#### Exercise aim
Pick out each line of the records that includes the string "base", and copy it.

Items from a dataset

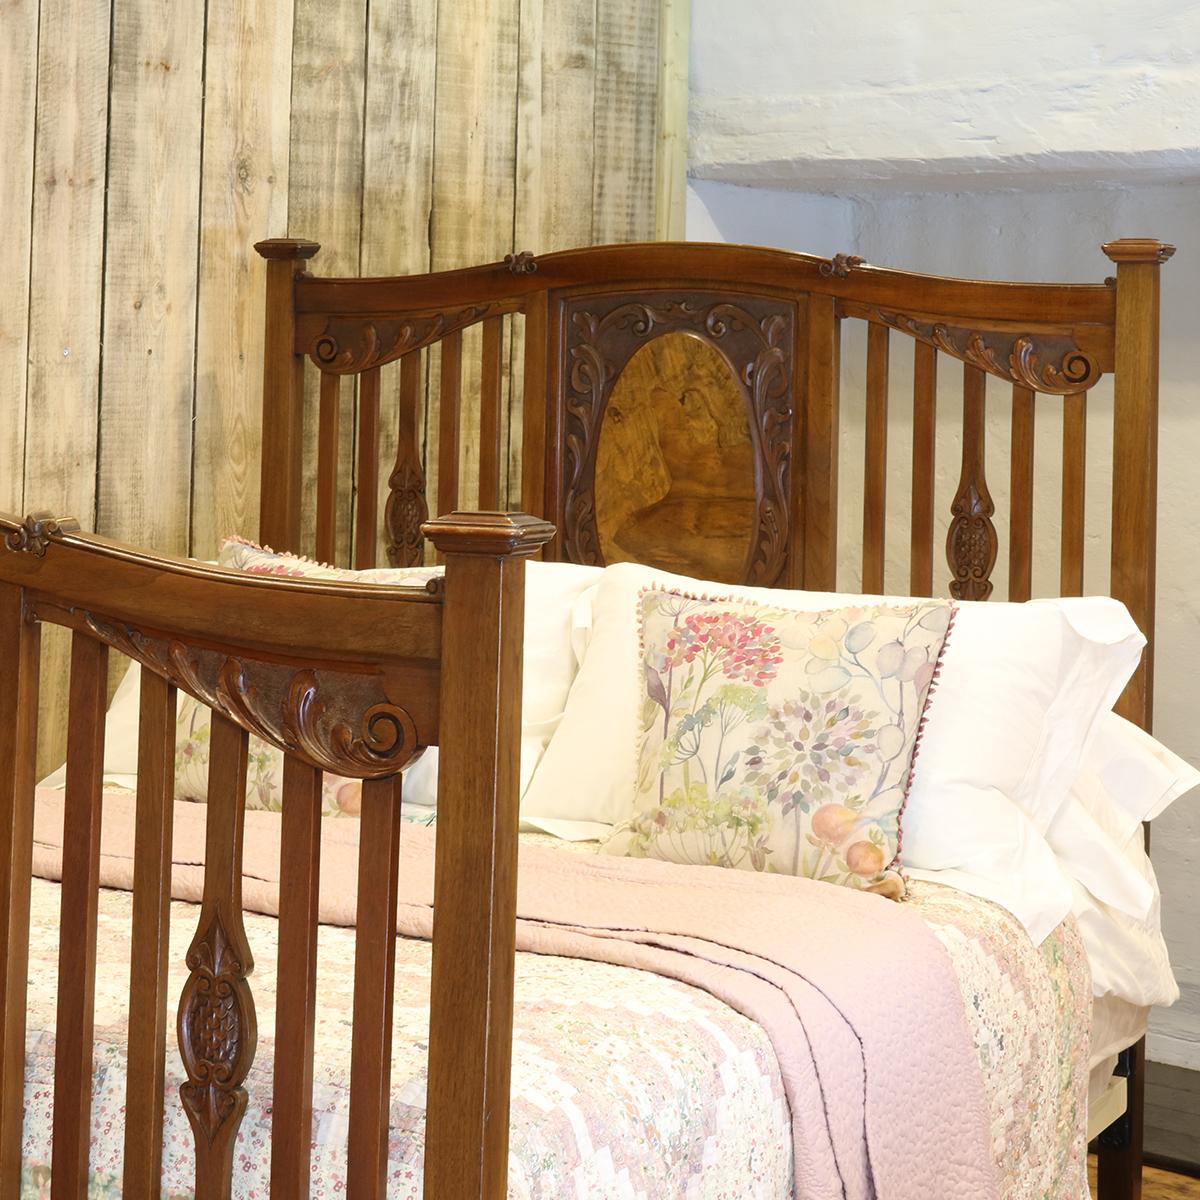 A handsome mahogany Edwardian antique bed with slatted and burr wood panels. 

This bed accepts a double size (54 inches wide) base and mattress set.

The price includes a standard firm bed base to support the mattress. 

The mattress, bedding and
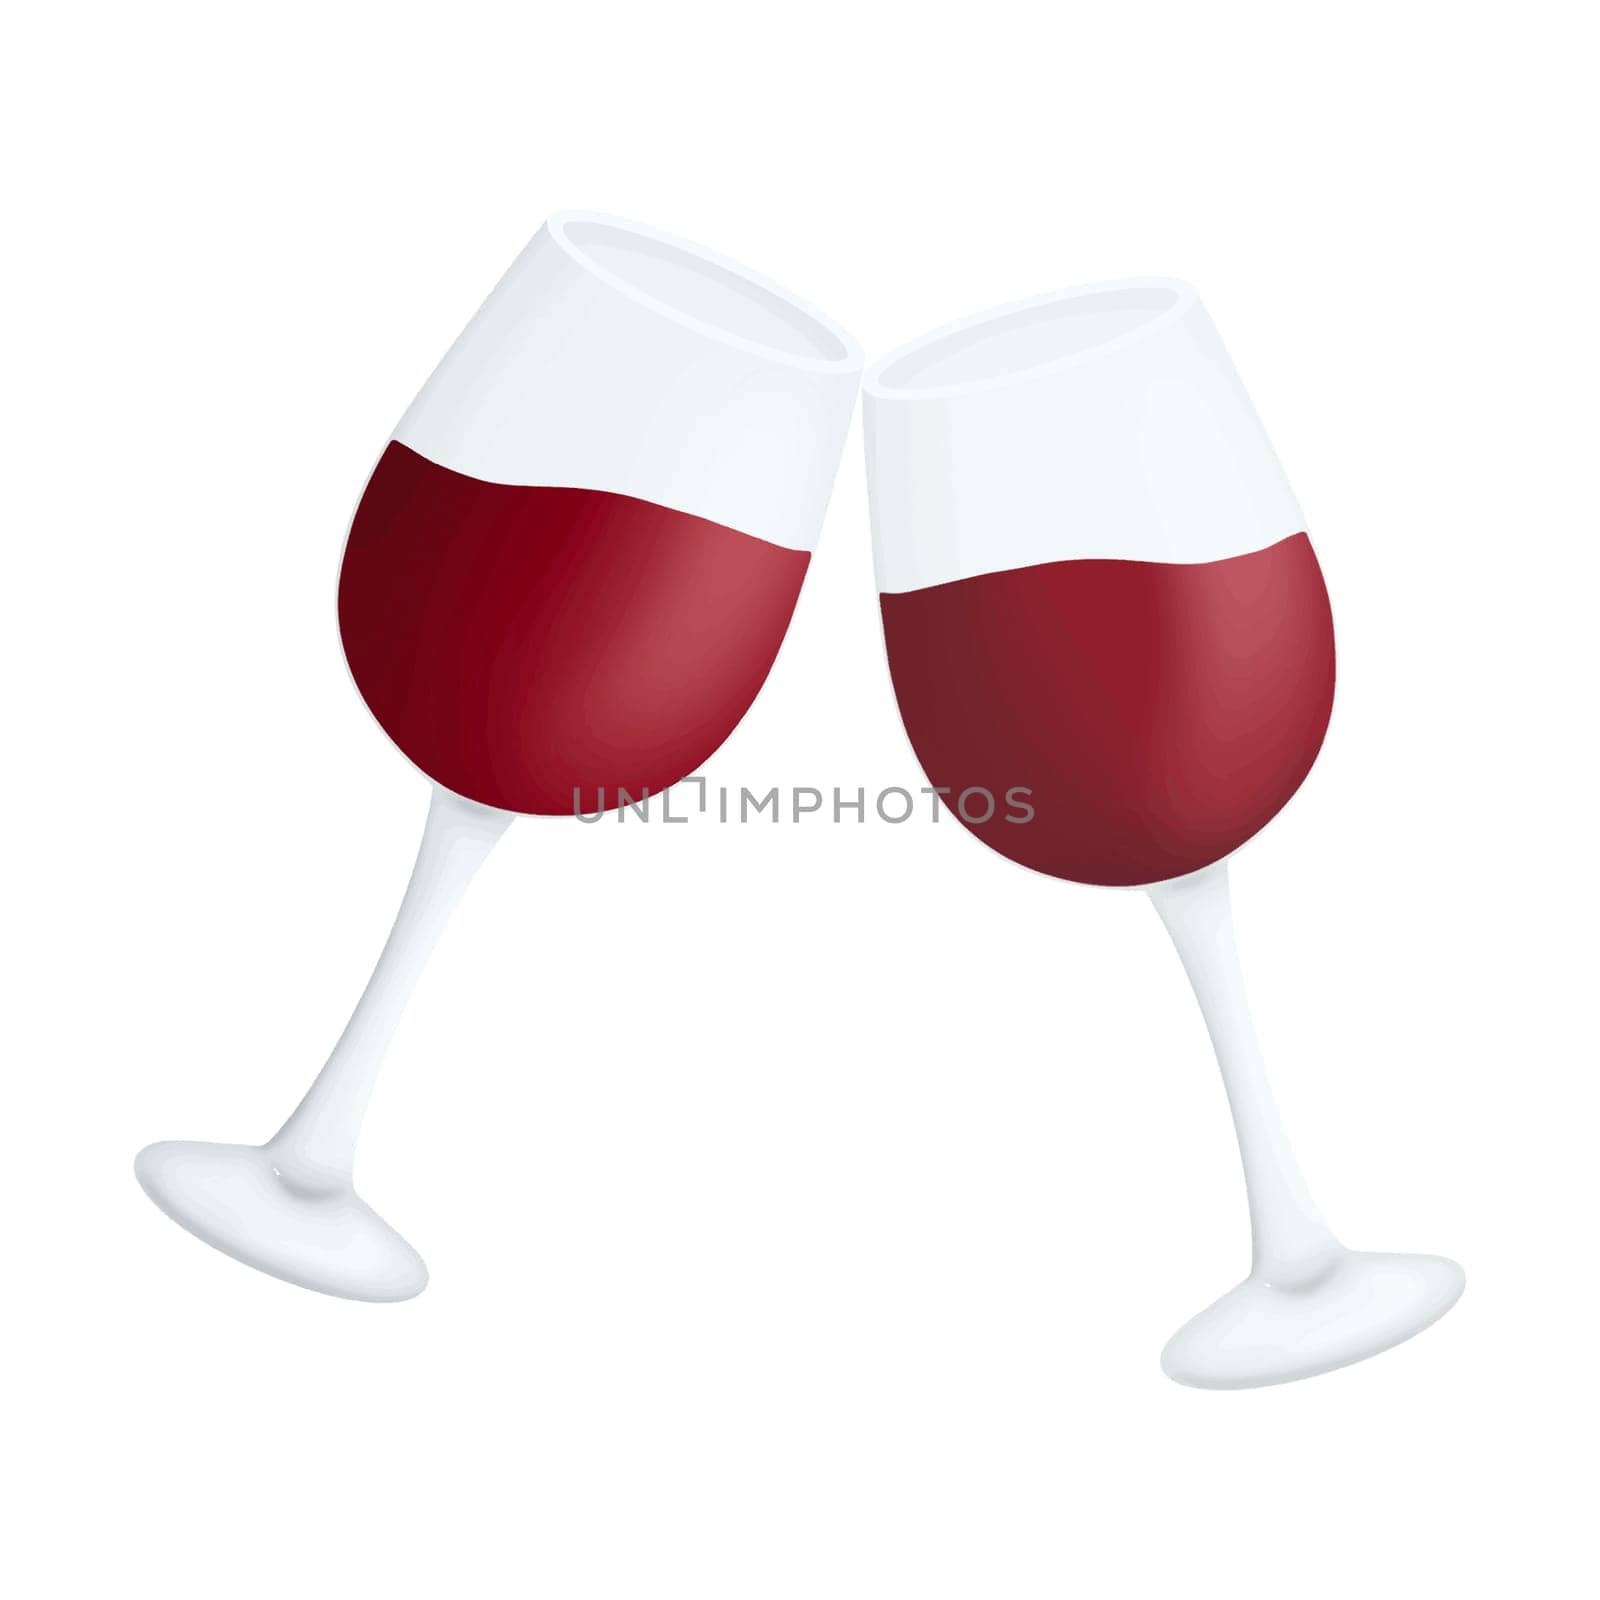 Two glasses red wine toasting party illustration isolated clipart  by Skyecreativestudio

#### Output for this exercise
This bed accepts a double size (54 inches wide) base and mattress set.
The price includes a standard firm bed base to support the mattress. 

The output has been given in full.